As someone who was greatly influenced by Bangs' great (and still not reprinted) essay Free Jazz / Punk Rock, I was shocked by "Kind of Grim," which dismisses Miles' 1972 recording On the Corner as "garbage," "the absolute worst album this man ever put out." "On this experiment in percussion and electronics," Bangs wrote in 1976, "what little actual trumpet you could pick out of the buzz-whiz and chockablocka was so distorted as to be almost beyond recognition." But because On the Corner wasn't simply "an off-note unaccountably put on record," but the beginning of a series of releases that included such other depressing "horseshit" as Big Fun and Get Up with It, Bangs claimed that "this music indicat[ed] that something was wrong with the progenitor, that he was not [merely] indulging himself or tapped out or merely confused," but that Miles was "sick of soul."
Five years later or, if you count Free Jazz / Punk Rock, three years later, Bangs was claiming that On the Corner was "something genuinely new," "the first jazz of the Eighties." Instead of being dead, of "having no discernible emotion in it," On the Corner is "almost obscenely, frighteningly alive." And this "change of mind" doesn't fail to implicate Bangs himself. He makes sure his readers know that, back in 1976, he "couldn't even hear it, much less feel its cold flame and realize its intentions," and "we could only grow into it [...] as time caught up with us and we caught up with Miles."
But this new-found appreciation is not an occasion for self-congratulation.
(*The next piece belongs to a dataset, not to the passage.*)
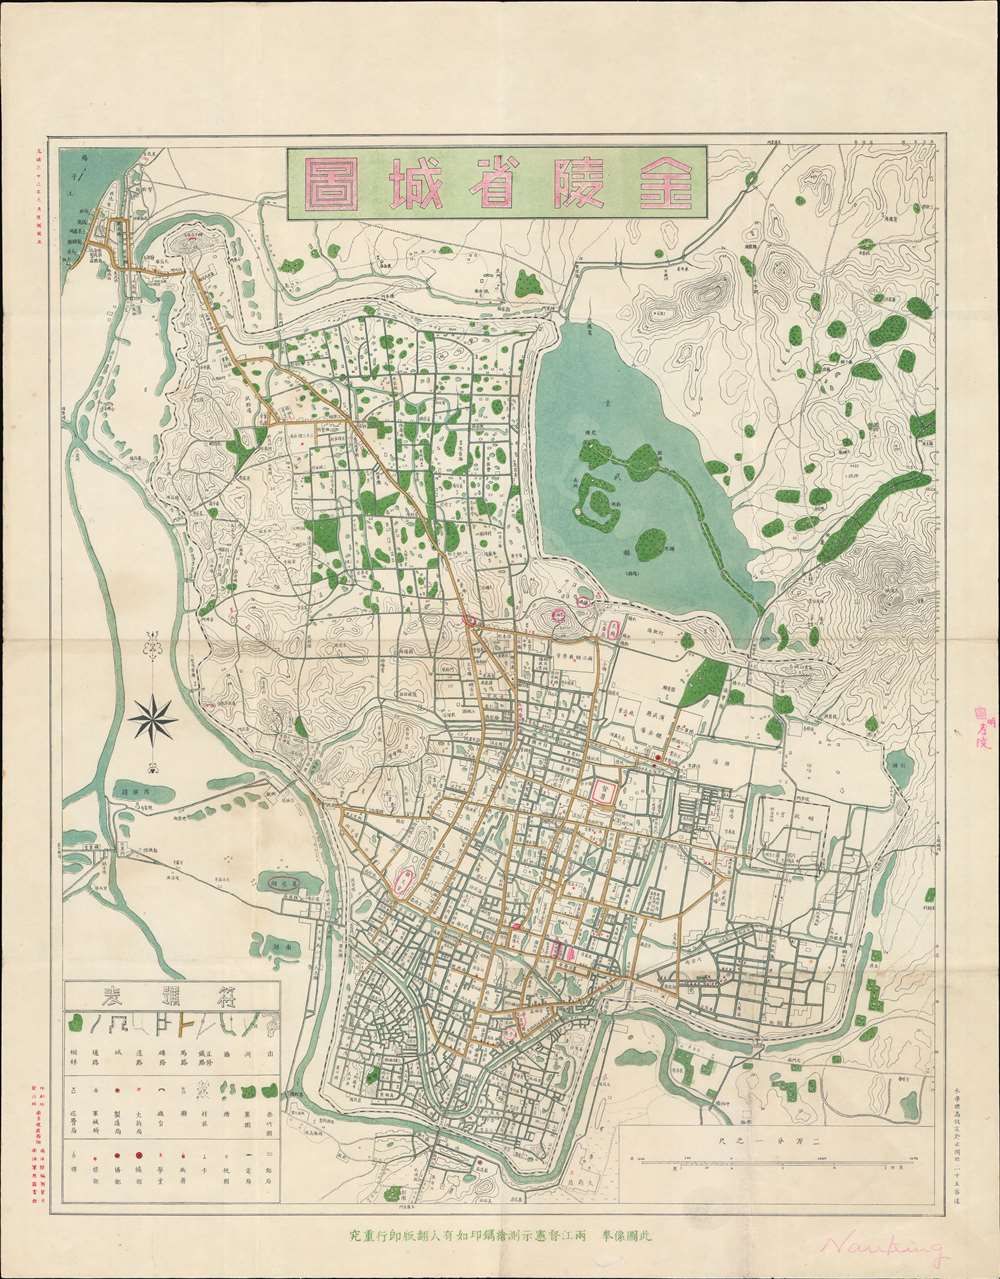 金陵省城圖 / 金陵省城图 / Jinling Provincial City Map. - Main View

No, far from it: back in 1976, Bangs writes, "there was something wrong with me [...] I was sweeping some deep latent anguish under the emotional carpet, or not confronting myself on some primal level." He'd dismissed On the Corner because "it exposed me to myself, to my own falsity, to my own cowardice in the face of dread or staved-off pain." And this, precisely, is the value of reading Lester Bangs so long (22 years!) after his death: like Miles' music, his writhing "will pry [pain] out of your soul's very core when he hits his supreme note and you happen, coincidentally, to be a bit of an open emotional wound at the moment yourself. It is this gift for open-heart surgery that makes him the supreme artist" -- or, if you will, the great moralist -- "that he is."